_The task_. Copy the data that follows exactly. Include no pictures.

_Raw data_.
···

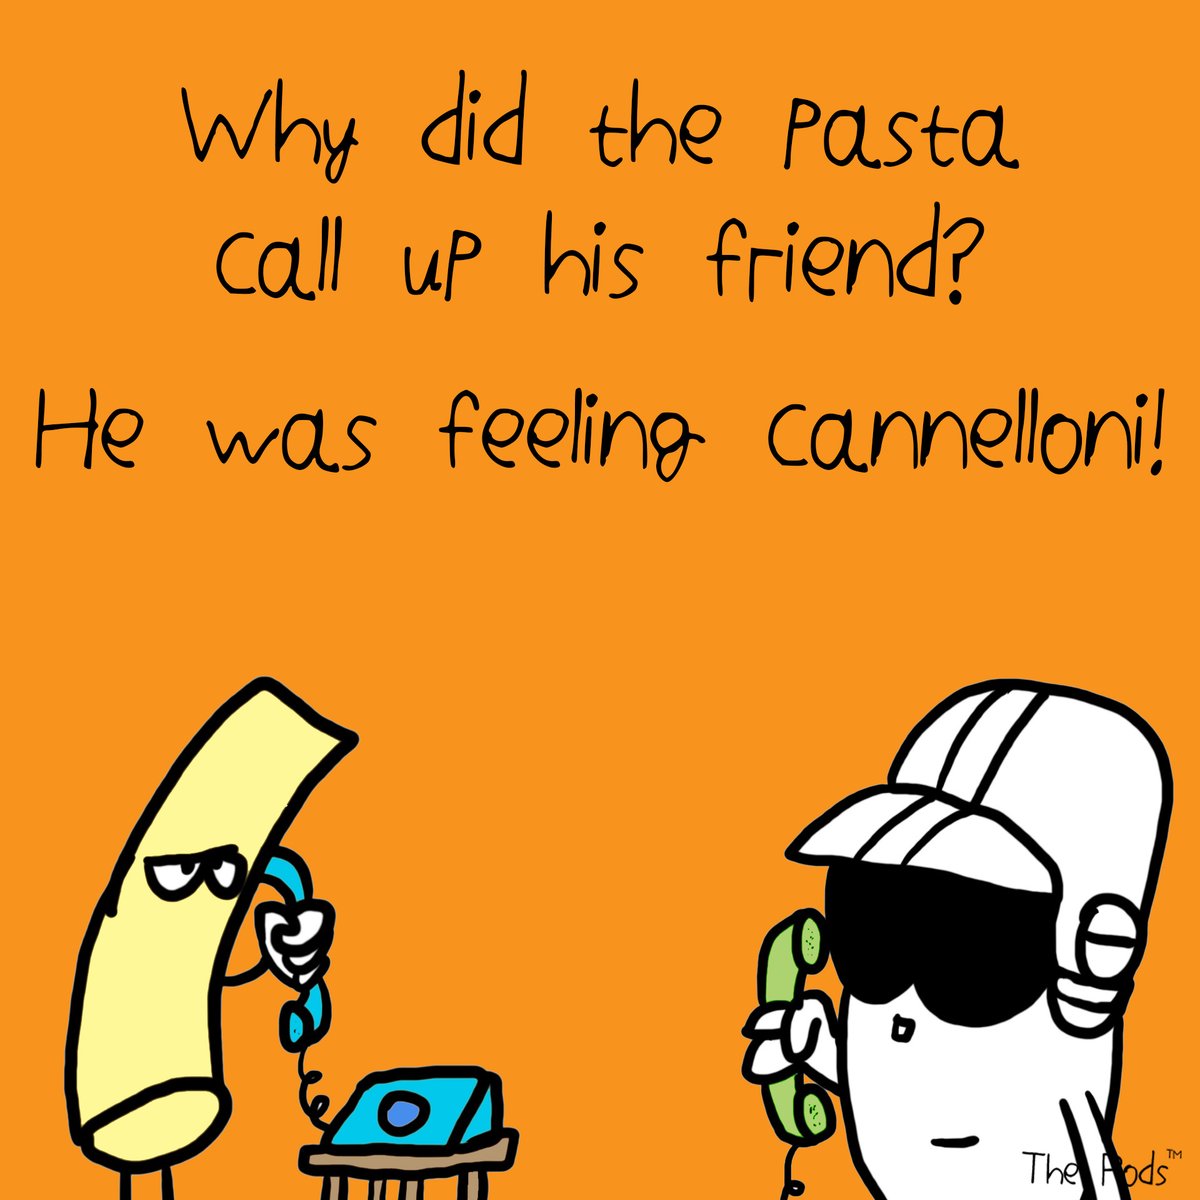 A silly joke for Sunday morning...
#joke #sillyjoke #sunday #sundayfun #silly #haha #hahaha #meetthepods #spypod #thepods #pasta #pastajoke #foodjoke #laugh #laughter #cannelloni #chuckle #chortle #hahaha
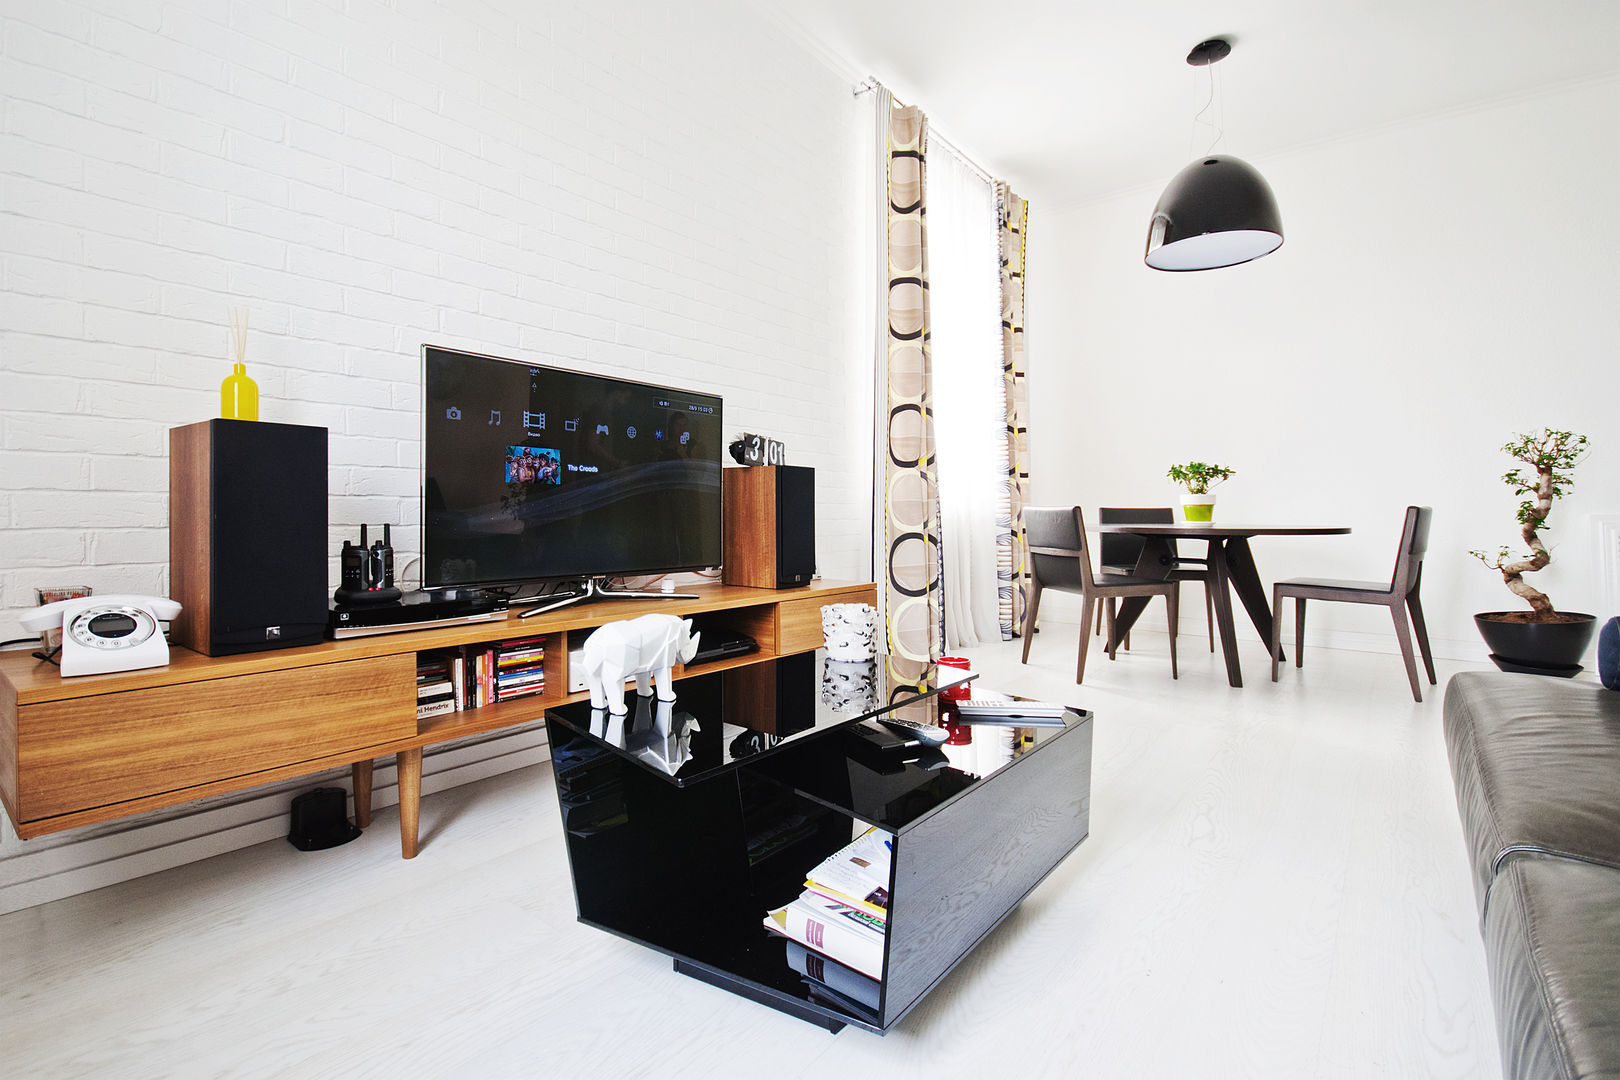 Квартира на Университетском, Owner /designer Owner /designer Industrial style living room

···

_Your solution_.
 A silly joke for Sunday morning...
#joke #sillyjoke #sunday #sundayfun #silly #haha #hahaha #meetthepods #spypod #thepods #pasta #pastajoke #foodjoke #laugh #laughter #cannelloni #chuckle #chortle #hahaha
 Квартира на Университетском, Owner /designer Owner /designer Industrial style living room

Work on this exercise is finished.